Department of Electrical and Computer Engineering, University of Maryland College Park, College Park, Maryland 20742, USA.
Department of Communication Sciences and Disorders, University of Cincinnati, Cincinnati, Ohio 45267-0379, USA.
J Acoust Soc Am. 2024 Aug 1;156(2):1380-1390. doi: 10.1121/10.0028124.

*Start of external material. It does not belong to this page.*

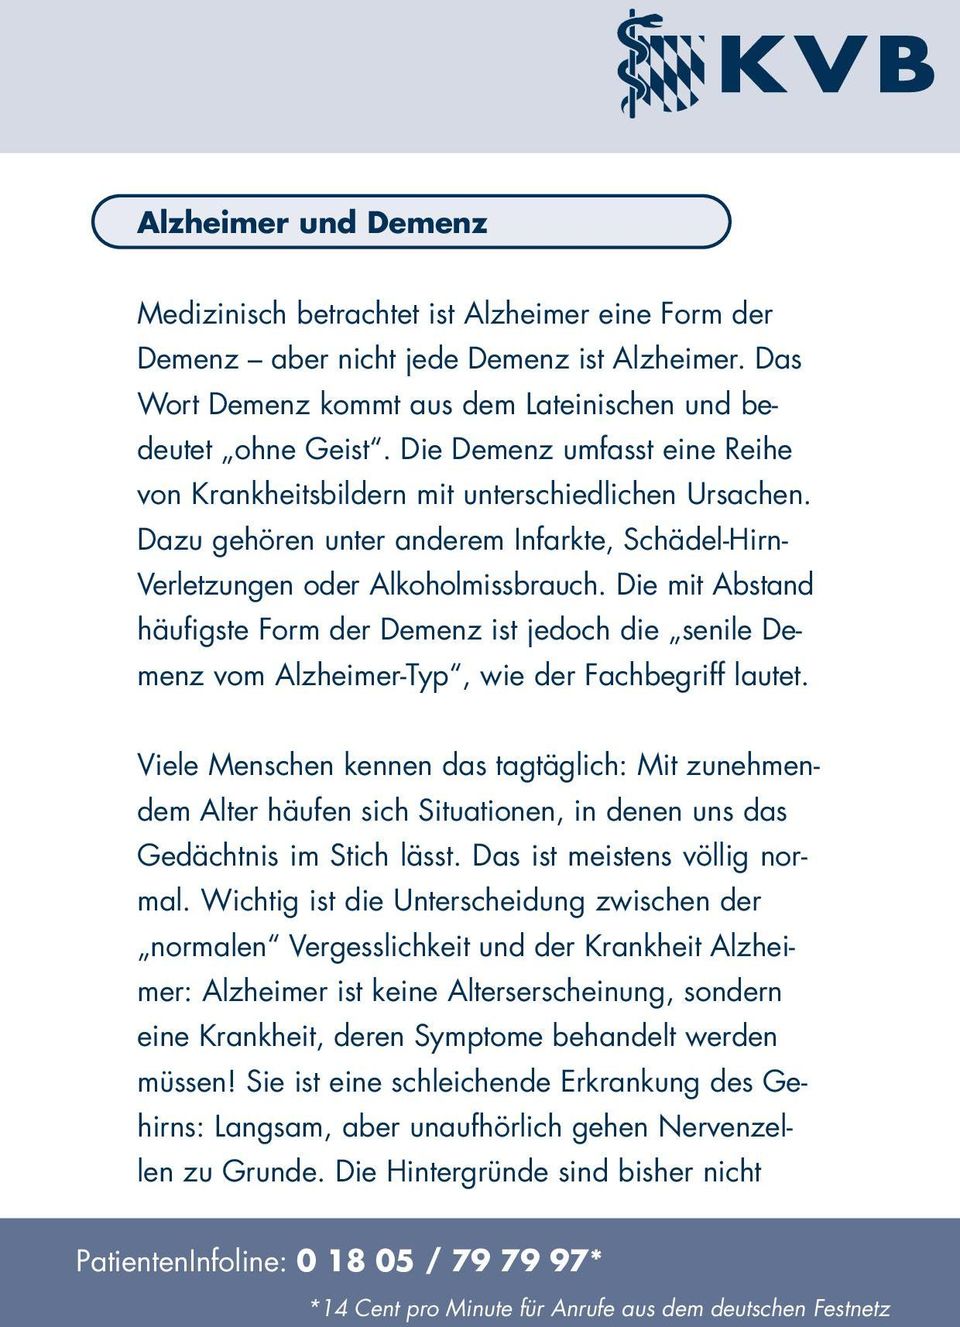 Die mit Abstand häufigste Form der Demenz ist jedoch die senile Demenz vom Alzheimer-Typ, wie der Fachbegriff lautet.

For most of his illustrious career, Ken Stevens focused on examining and documenting the rich detail about vocal tract changes available to listeners underlying the acoustic signal of speech. Current approaches to speech inversion take advantage of this rich detail to recover information about articulatory movement. Our previous speech inversion work focused on movements of the tongue and lips, for which "ground truth" is readily available. In this study, we describe acquisition and validation of ground-truth articulatory data about velopharyngeal port constriction, using both the well-established measure of nasometry plus a novel technique-high-speed nasopharyngoscopy. Nasometry measures the acoustic output of the nasal and oral cavities to derive the measure nasalance. High-speed nasopharyngoscopy captures images of the nasopharyngeal region and can resolve velar motion during speech. By comparing simultaneously collected data from both acquisition modalities, we show that nasalance is a sufficiently sensitive measure to use as ground truth for our speech inversion system. Further, a speech inversion system trained on nasalance can recover known patterns of velopharyngeal port constriction shown by American English speakers. Our findings match well with Stevens' own studies of the acoustics of nasal consonants.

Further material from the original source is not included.